To prevent you from falling into a hopeless heap upon reading all of this bad news, Klein intersperses distressing truths with uplifting stories of battles that have been fought and won, usually by small groups and movements. She highlights the often successful protest efforts of Indigenous Peoples, particularly Native Americans and First Nations, to keep their living spaces clean and free from oil companies’ interference. The way in which these Peoples are connected with the earth, and how they live in harmony with it, is a cause for admiration. We are pressed to re-evaluate our individual and societal relationship with nature and the planet. Klein reminds us that for many people, particularly Indigenous populations, the effects of climate change are being felt now. As sea levels rise and storms become more violent, it isn’t their future but their current existence that is under threat. On top of this, these are often the people doing the least to harm the planet, in fact, “it is the richest parts of the world and the very richest people that have polluted our planet most.”
This book is stuffed with factual and historical information, and to make your understanding of the current crisis whole, Klein dips into the past. In this section she begins with the frightful thinking that preceded the industrial revolution. Those who first saw the earth as a limitless resource, destined to be owned and controlled by humans, are named and shamed. James Watt and his modernisation of the engine that was vital to the industrial revolution are all laid out.
She makes poignant links between global warming, the industrial revolution and Britain’s colonial and slave-trading roots. The idea that as the biggest polluters, countries like Britain and the US, and huge oil companies like Exxon, owe a climate debt to the poorest people, who are living the worst consequences of this pollution, is one that really struck me as making perfect sense. It seems obvious that the richer nations, whose wealth is almost entirely built on the fossil fuels they have burnt, ought to compensate poorer ones for the situation in which we find ourselves. Those poorer countries are also more likely to be situated in warm places that are suffering the most from drought and extreme heat.
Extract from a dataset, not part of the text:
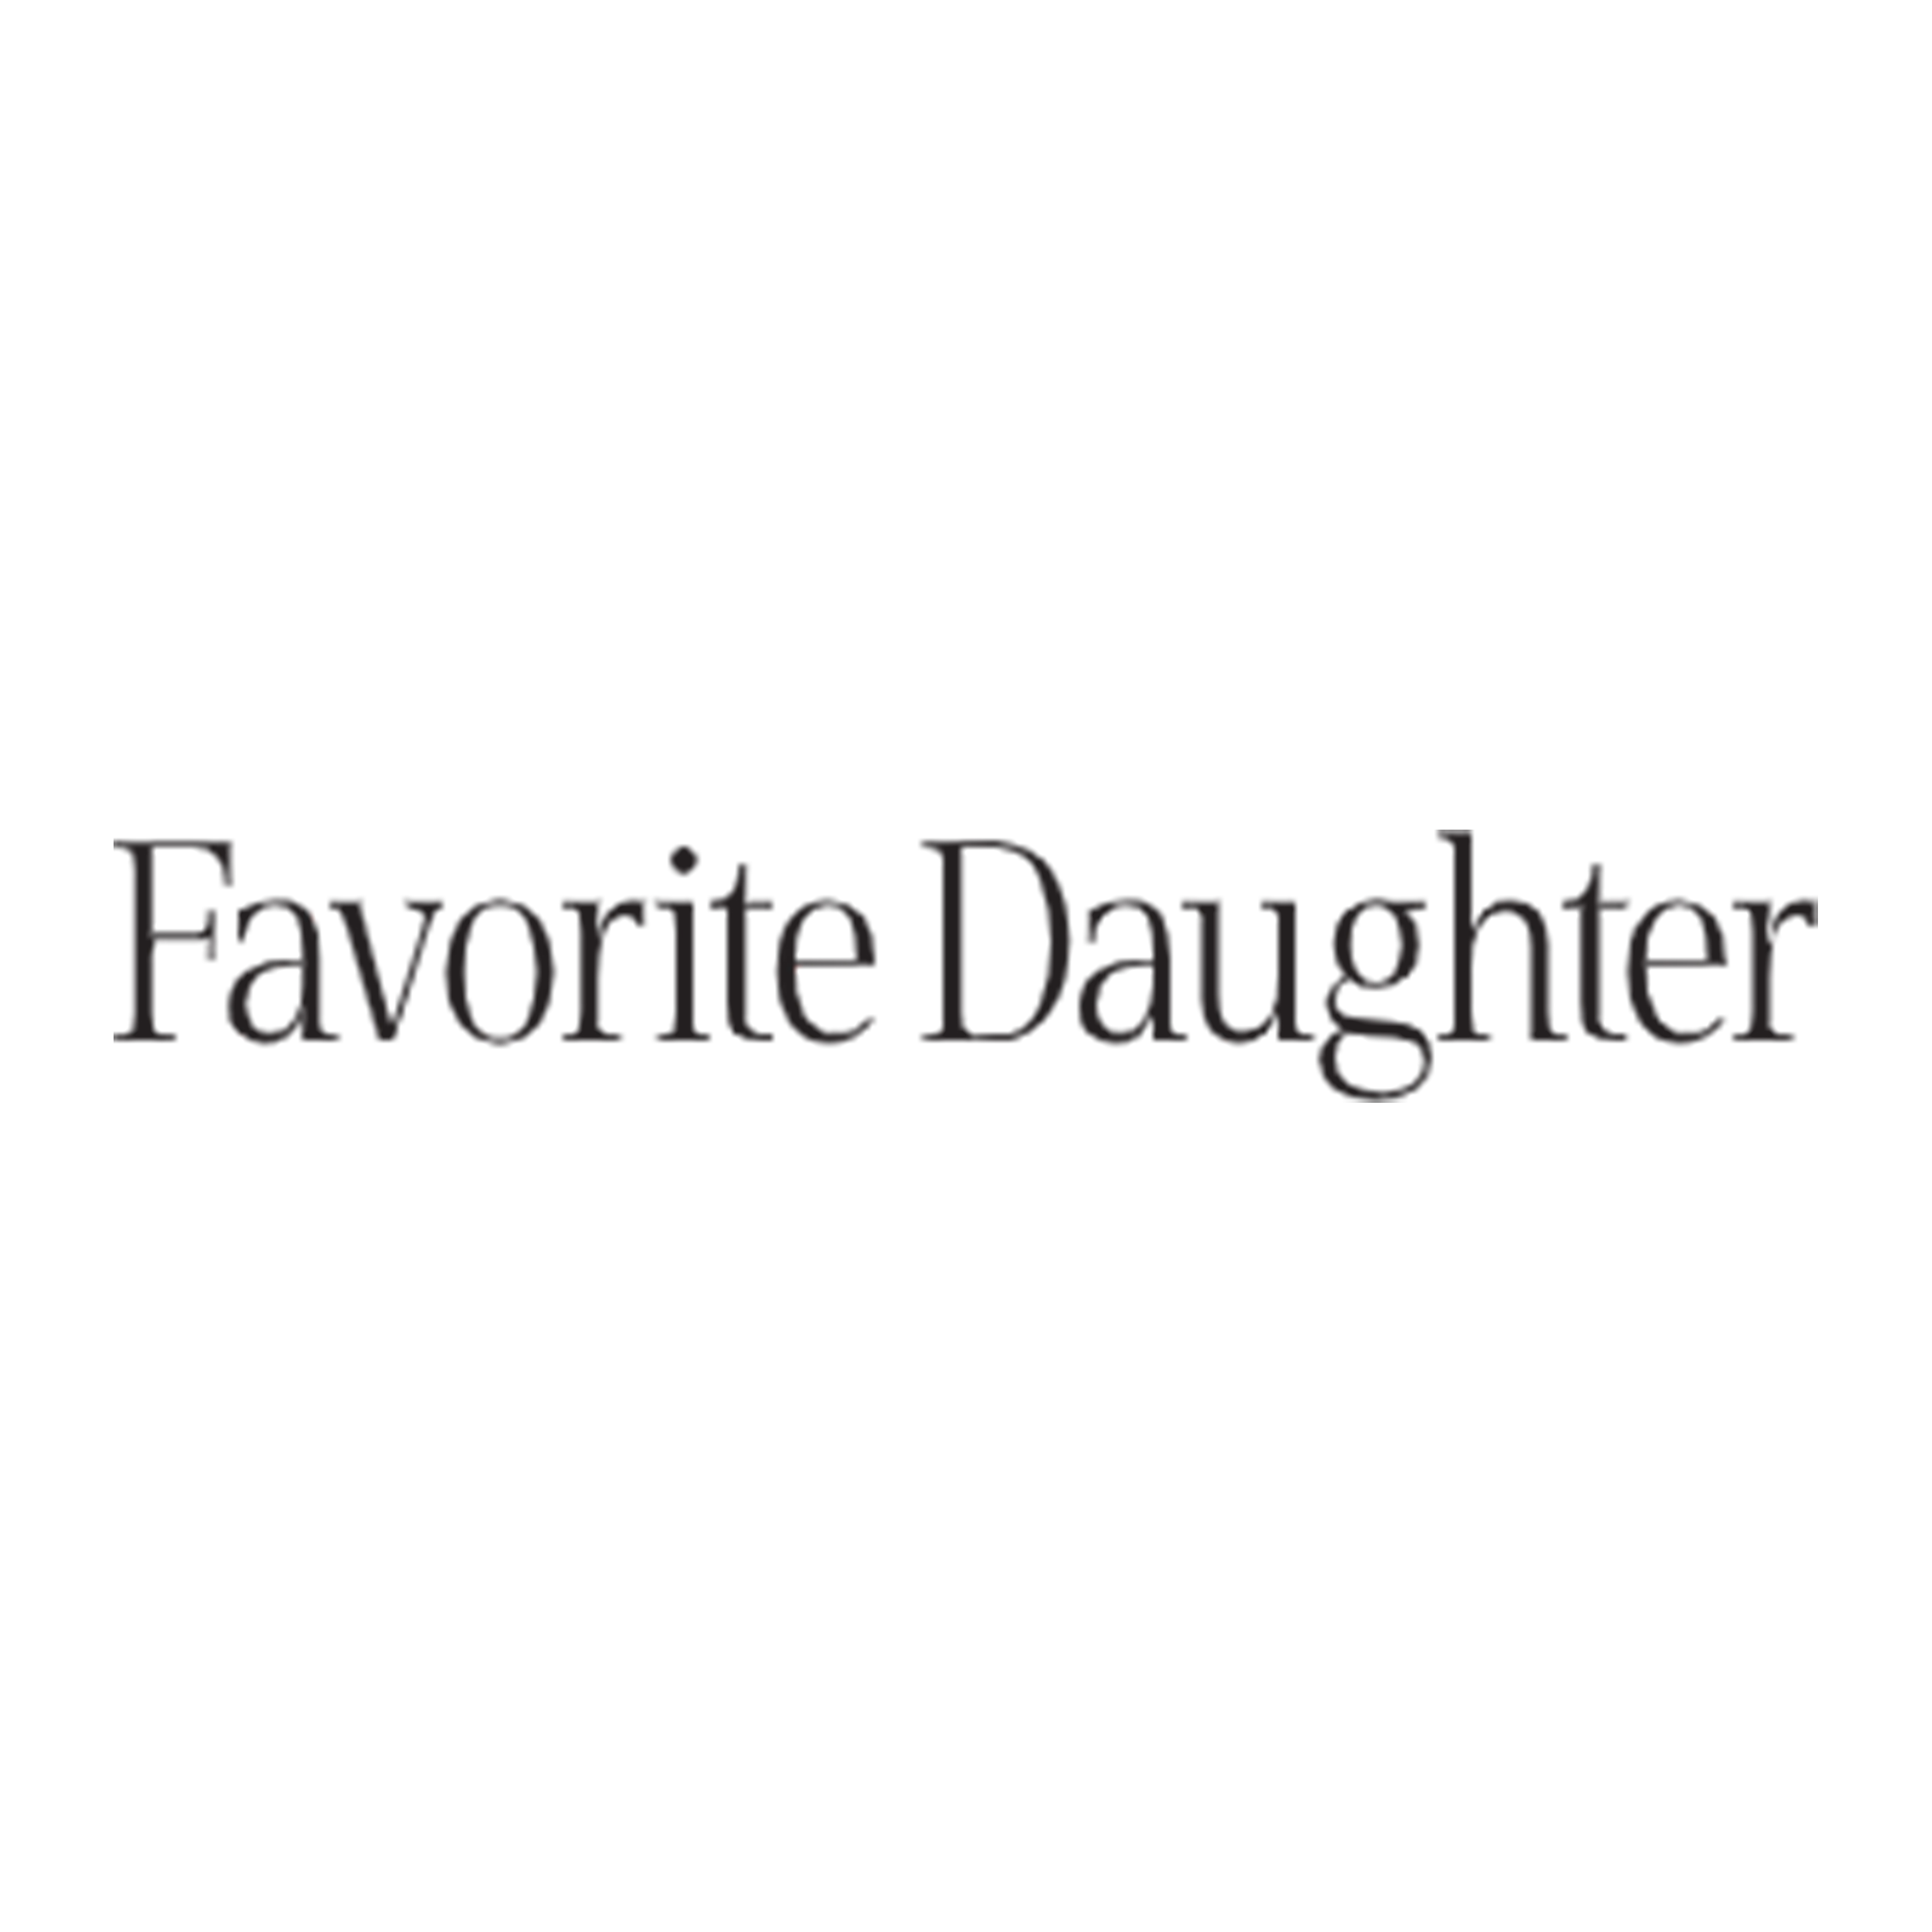 Favorite Daughter logo

How To Change Everything is very much a temporal book. Klein looks into the past, even before humans had a hand in the climate. She discusses the present: what scientists and activists are doing now. Then there’s the future. Klein presents the desperate need for deep change across all levels of society, and points out that it has been done before, such as with the New Deal. After inspiring the hell out of whoever reads this book, Klein leaves a toolkit – it provides all the ideas you need, to go and make a change and a difference, no matter how big or small.
Klein perfectly balances the urgency and terrifying nature of global warming with the hope for a better future and plenty of examples of successes that have already come to pass. How To Change Everything is both alarming and inspiring. Don’t just buy your kids this book. Read it yourself.